Antidote to Venom
- First edition
- Author: Freeman Wills Crofts
- Language: English
- Series: Inspector French
- Genre: Mystery
- Publisher: Hodder and Stoughton
- Publication date: 1938
- Publication place: United Kingdom
- Media type: Print
- Preceded by: The End of Andrew Harrison
- Followed by: Fatal Venture

= Antidote to Venom =

1938 novel

Antidote to Venom is a 1938 detective novel by the Irish-born novelist Freeman Wills Crofts. It is the eighteenth in his series of novels featuring Inspector French, a Scotland Yard detective known for his methodical technique. It was reissued in 2015 by the British Library Publishing as part of a group of crime novels from the Golden Age of Detective Fiction.

==Plot==
The novel takes the form of an inverted detective story following the concerns of George Surridge, director of the Birmington Zoo whose financial troubles and unhappy marriage drive him towards contemplating a murder that could miraculously turn his fortunes around.

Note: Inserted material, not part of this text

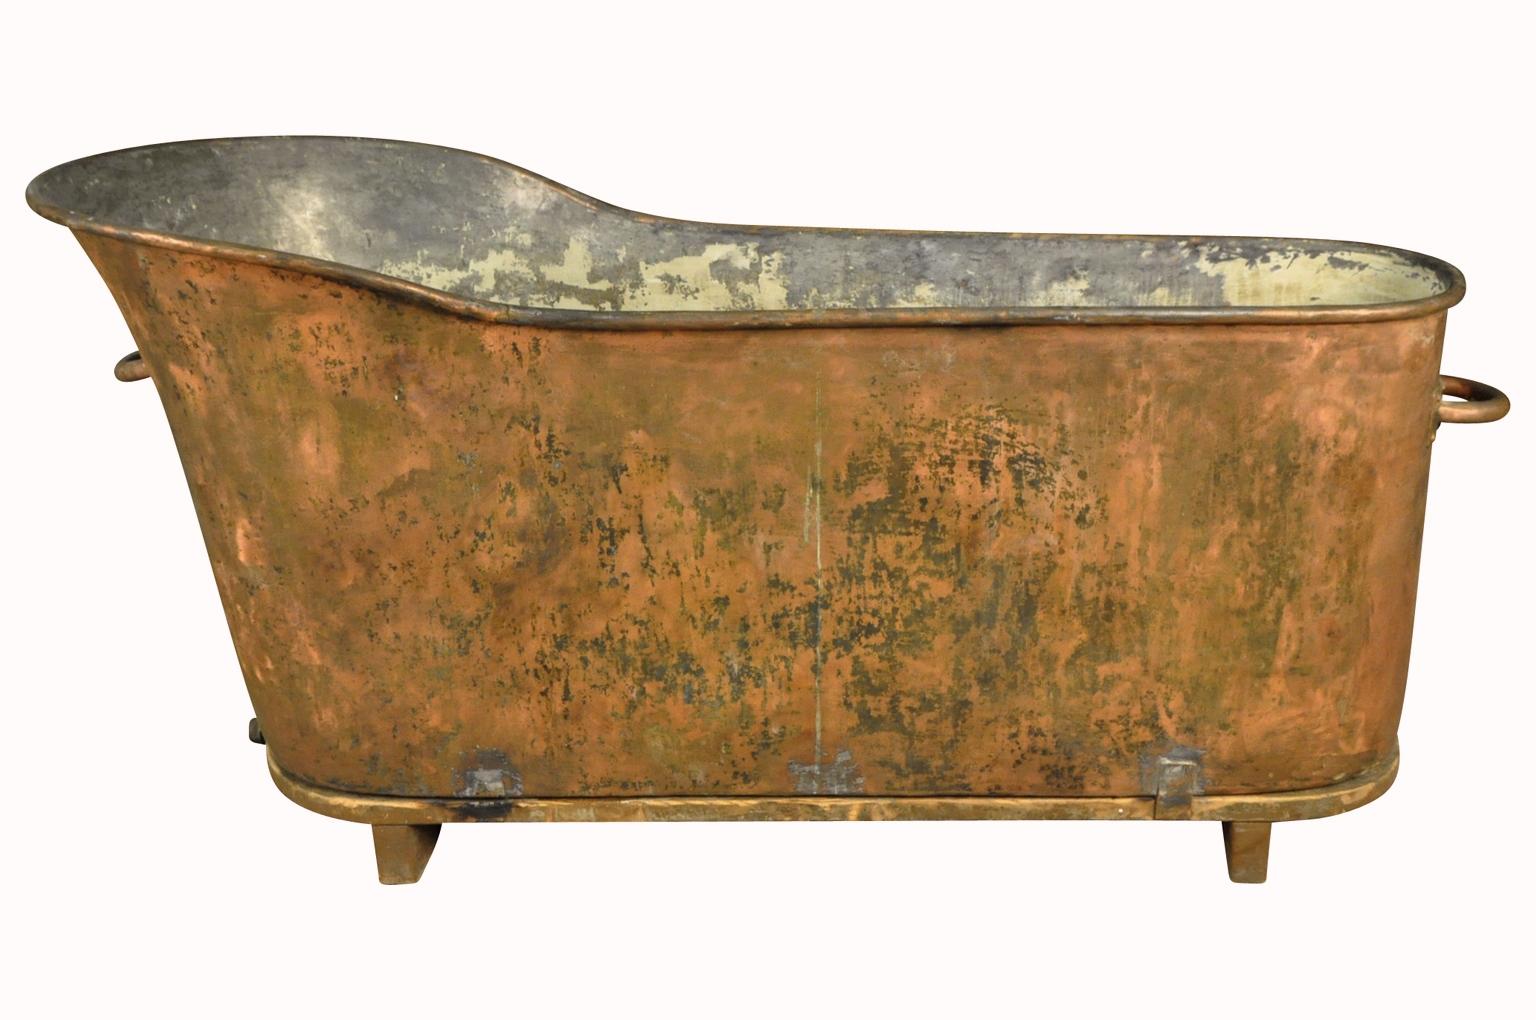 A fabulous later 19th century bathtub from the South of France. Wonderfully constructed from heavy gauge copper and raised on its wooden platform. Terrific not only as a bathtub, but serves beautifully as a planter or to ice down beverages for a
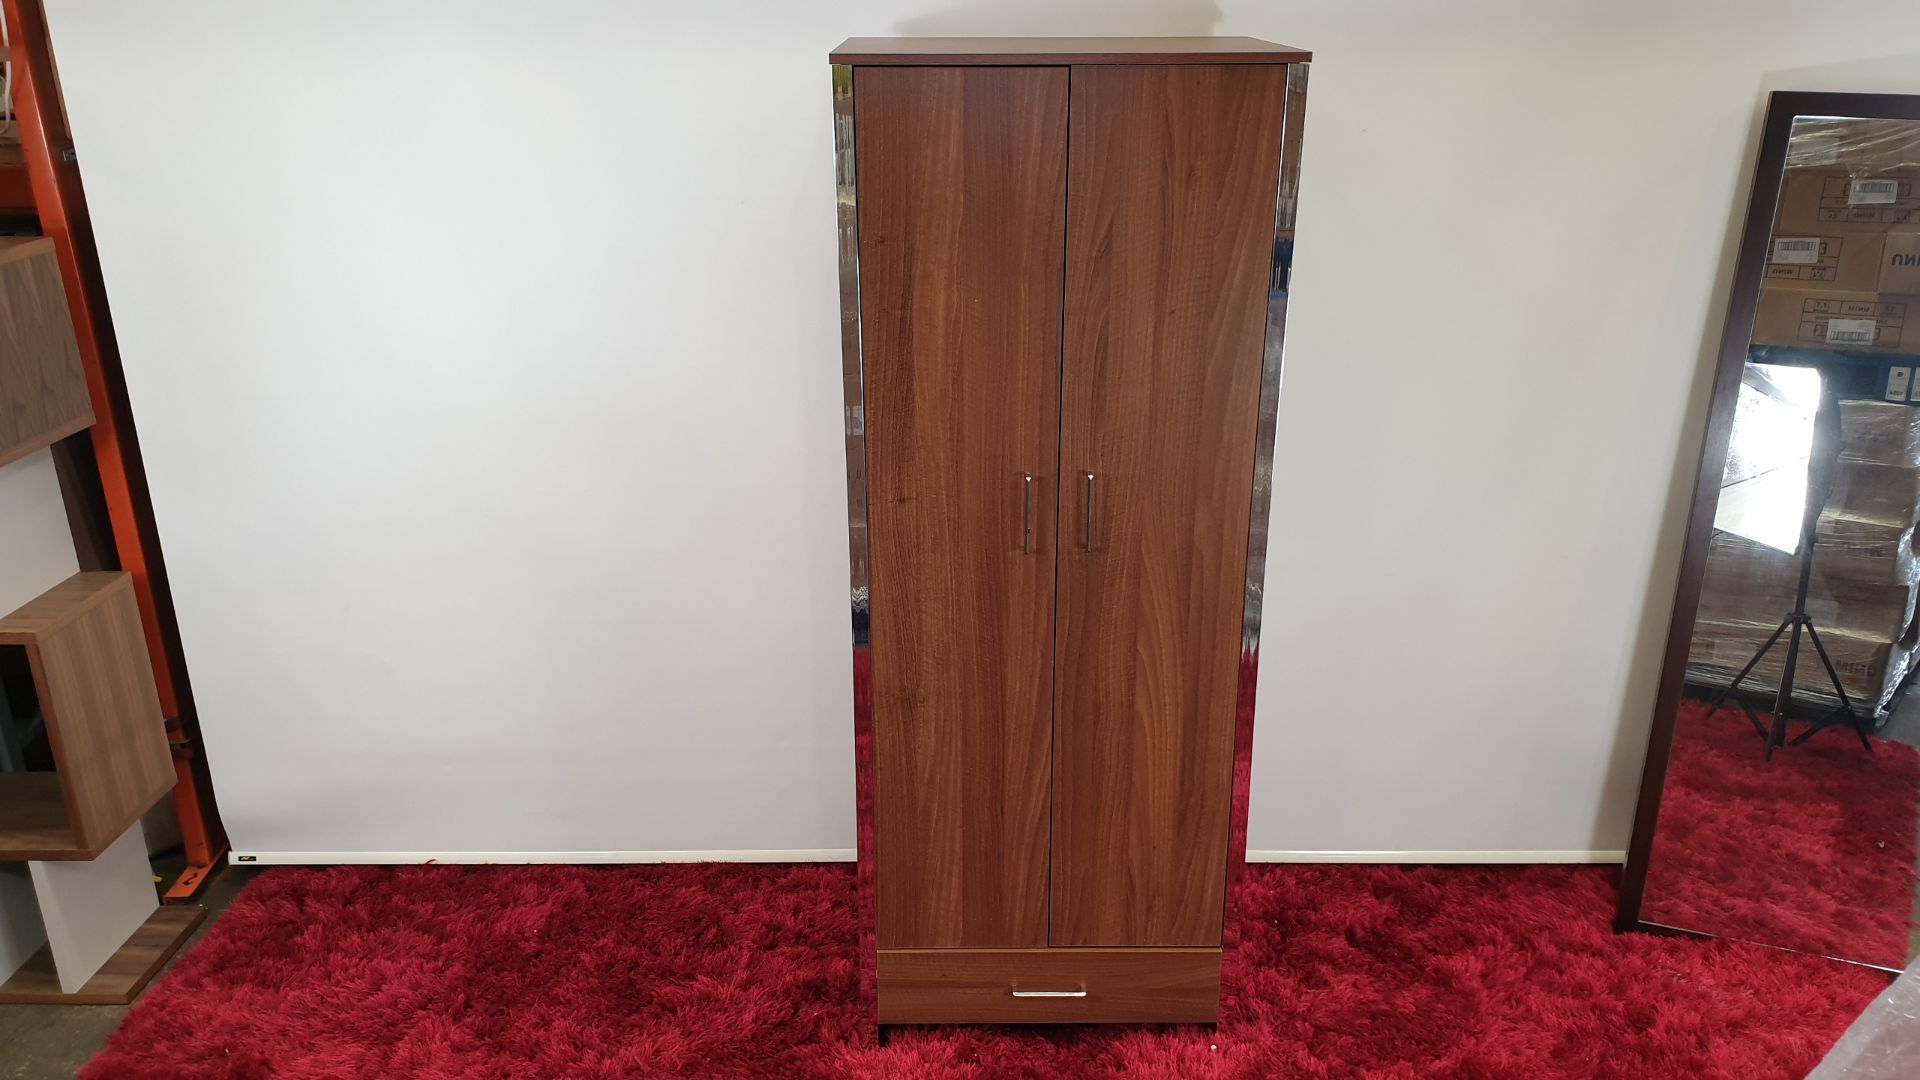 4 X BROWN 2 DOOR 1 ROBE WITH SILVER EDGE WARDROBES - BRAND NEW AND BOXED

An outlandish method of killing will relieve him of all his troubles. The arrival of the thorough Chief Inspector French from London, intrigued by the case, threatens this perfect crime. French believes he knows who committed the murder but has to work out how.

==Bibliography==
- Evans, Curtis. Masters of the "Humdrum" Mystery: Cecil John Charles Street, Freeman Wills Crofts, Alfred Walter Stewart and the British Detective Novel, 1920-1961. McFarland, 2014.
- Herbert, Rosemary. Whodunit?: A Who's Who in Crime & Mystery Writing. Oxford University Press, 2003.
- Reilly, John M. Twentieth Century Crime & Mystery Writers. Springer, 2015.